Supply-chain example (supplier rating history)

from transforms.api import transform, Input, Output
from pyspark.sql import functions as F

@transform(
    prev_dim=Input("scm.dim.supplier_scd2"),          # Existing supplier SCD2 dimension
    src=Input("scm.src.supplier_snapshot"),           # Latest supplier snapshot
    out=Output("scm.dim.supplier_scd2_out")           # Updated SCD2 output
)
def compute(prev_dim, src, out):

    today = F.current_date()                           # Processing date

    # Separate current active supplier records and source snapshot
    cur = prev_dim.filter("is_current = 1").alias("d")
    s = src.alias("s")

    # Join current dimension with source to compare ratings
    j = cur.join(s, "supplier_id")

    # Identify suppliers whose rating has changed
    changed = j.filter(
        F.col("d.rating") != F.col("s.rating")
    ).select(
        "supplier_id",
        F.col("s.rating").alias("rating")
    )

    # Close existing records for suppliers with changed ratings
    closed = (
        cur.join(changed.select("supplier_id"), "supplier_id")
           .withColumn("effective_end", today - F.expr("INTERVAL 1 DAY"))
           .withColumn("is_current", F.lit(0))
    )

    # Insert new active records with updated rating values
    new_rows = (
        changed.withColumn("effective_start", today)
               .withColumn("effective_end", F.lit(None).cast("date"))
               .withColumn("is_current", F.lit(1))
    )

    # Retain current records where the rating did not change
    unchanged = cur.join(
        changed.select("supplier_id"),
        on="supplier_id",
        how="left_anti"
    )

    # Preserve historical records that are already closed
    hist = prev_dim.filter("is_current = 0")

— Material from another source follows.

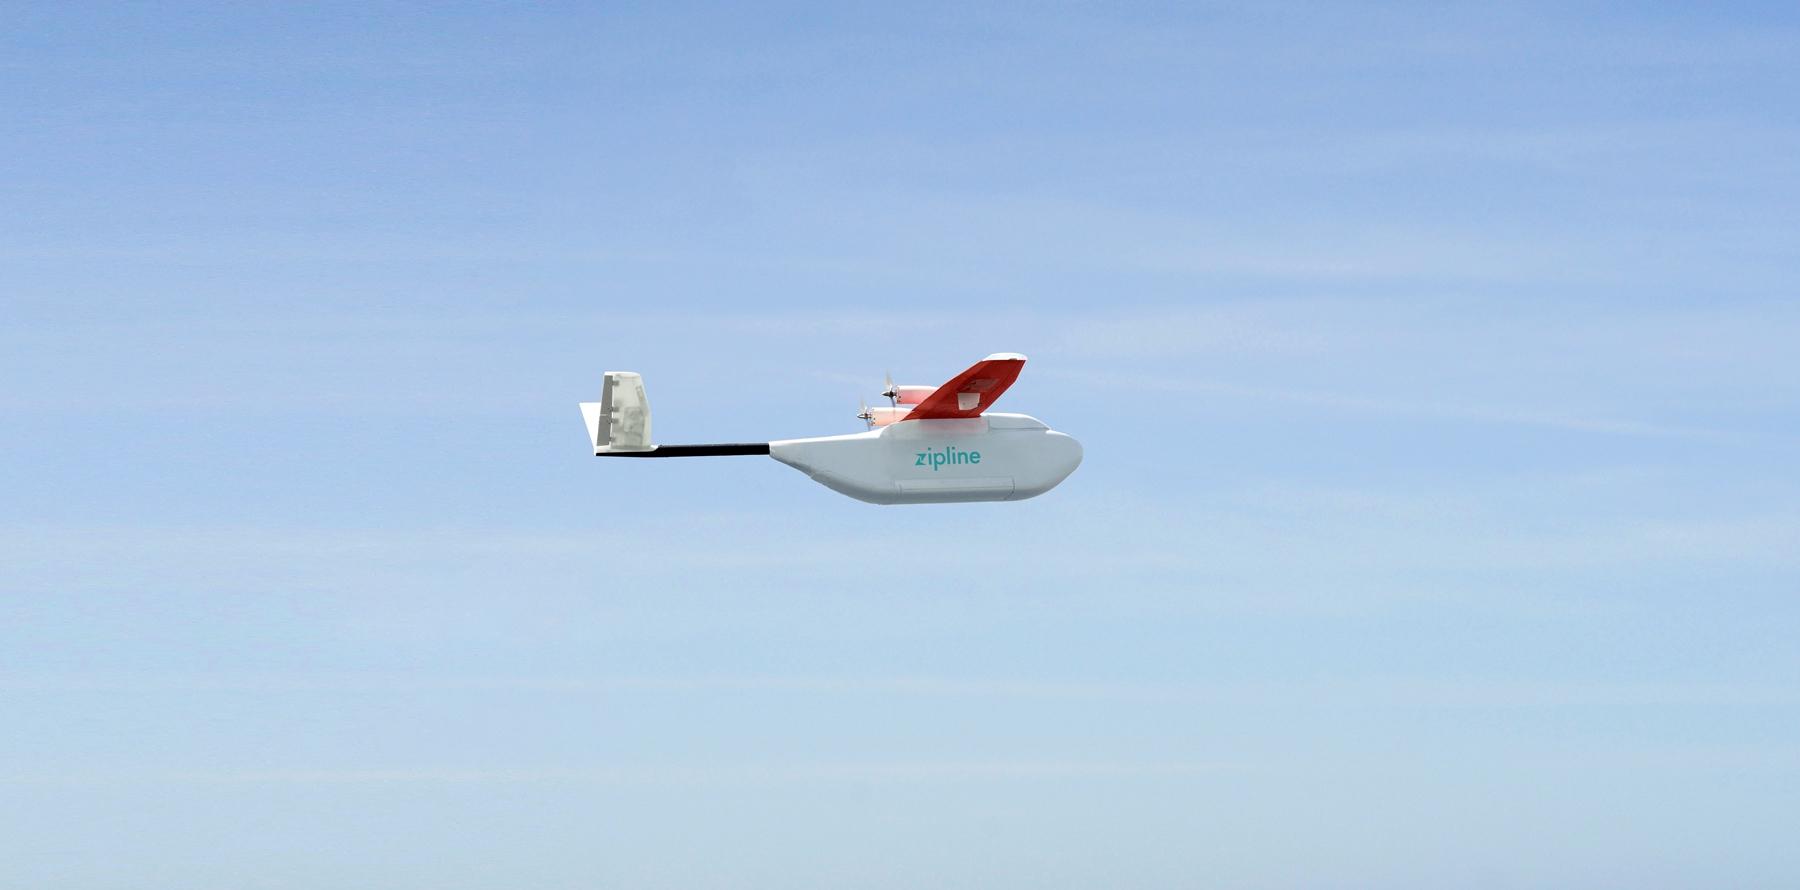 A Zipline drone in action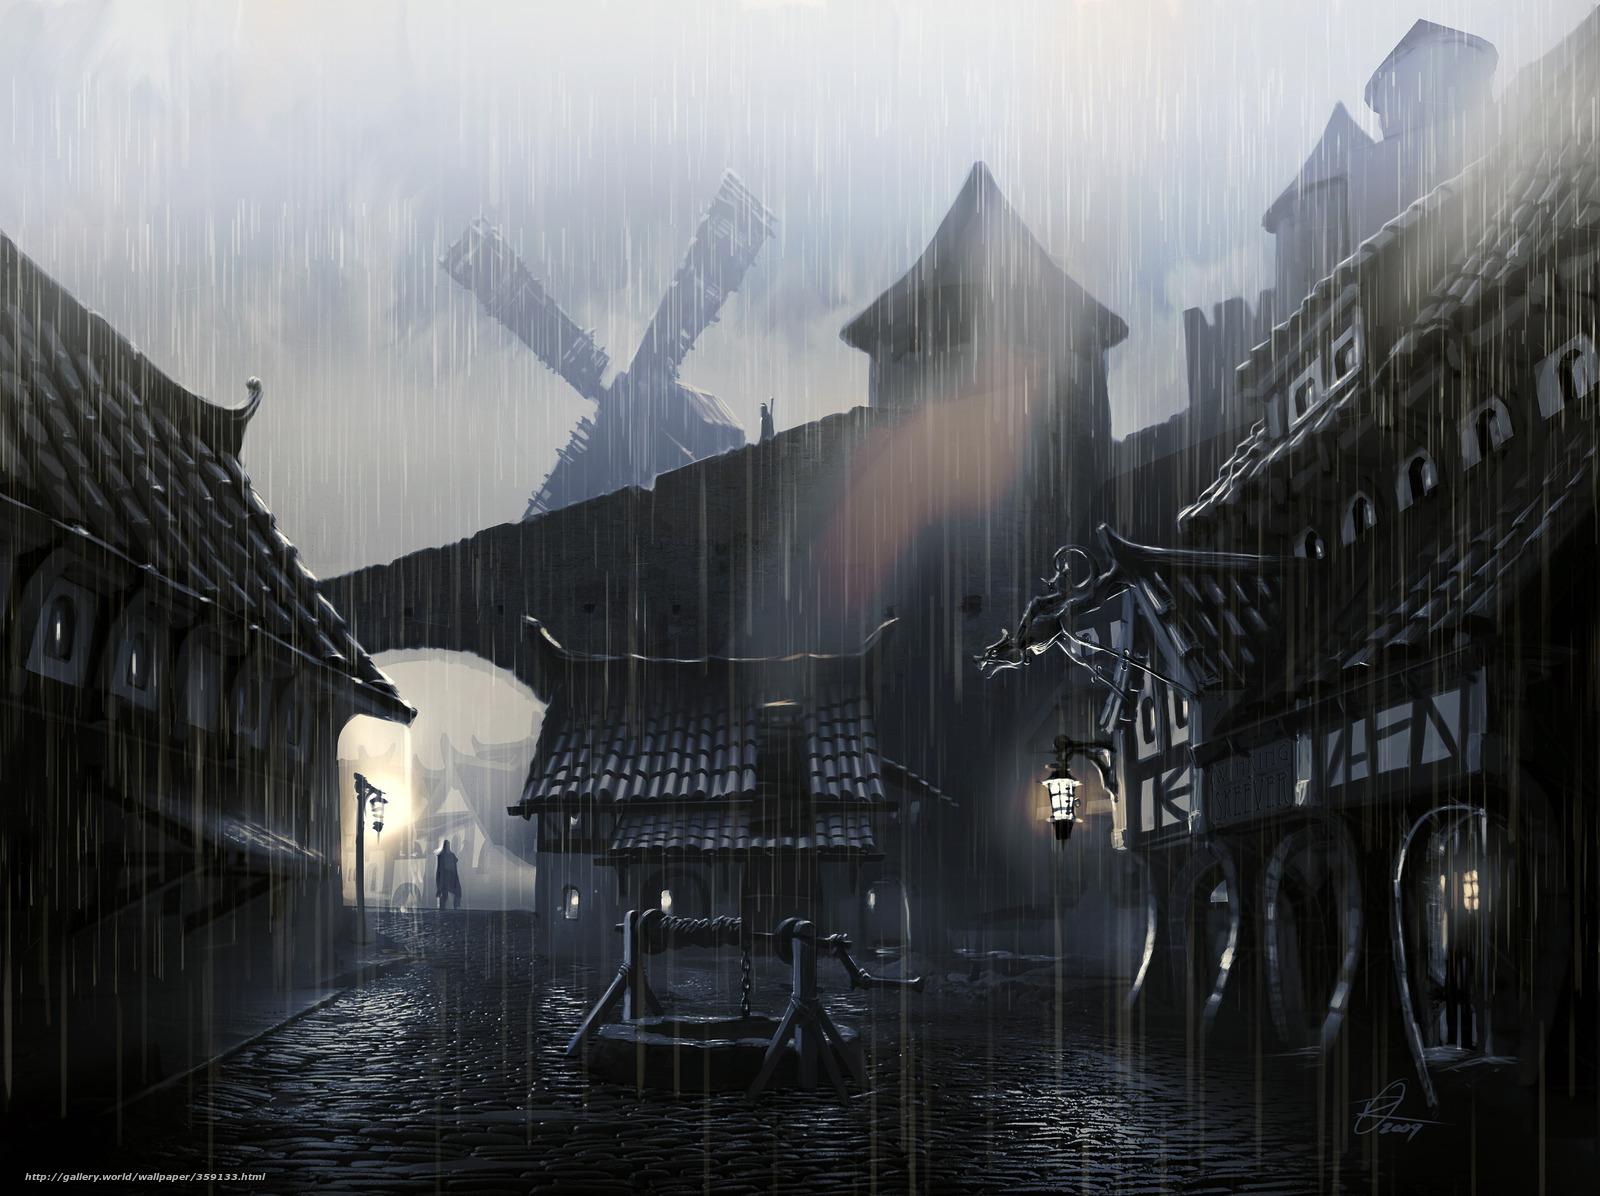 rain city wallpaper - photo #28

    # Merge historical, closed, unchanged, and new active records
    out.write(
        hist
        .unionByName(closed)
        .unionByName(unchanged)
        .unionByName(new_rows)
    )

SCD Type 3 – Limited history (current + previous columns)

Concept:

Store current and limited prior values in columns on the same row.

Foundry value vs others:

Easy to maintain both Type 3 dim and a parallel SCD2 reference pipeline for validation because of shared computation graph.
Centralized access control and object model; no need to federate IAM/policies across separate services.

flowchart TD
    A["Source Snapshot/Delta"] --> B["Join with Existing Rows"]
    C["Previous Type 3 Dimension"] --> B

    B --> D["No Attribute Change"]
    B --> E["Attribute Change"]

    D --> F["Retain Row As-Is"]
    E --> G["Shift Current to Previous Column"]
    E --> H["Set New Current Value"]

    G --> I["Rebuilt Type 3 Row"]
    H --> I
    F --> J["Collect All Rows"]
    I --> J

    J --> K["Type 3 Dimension (Current + Previous Columns)"]

Insurance example (customer segment current/previous)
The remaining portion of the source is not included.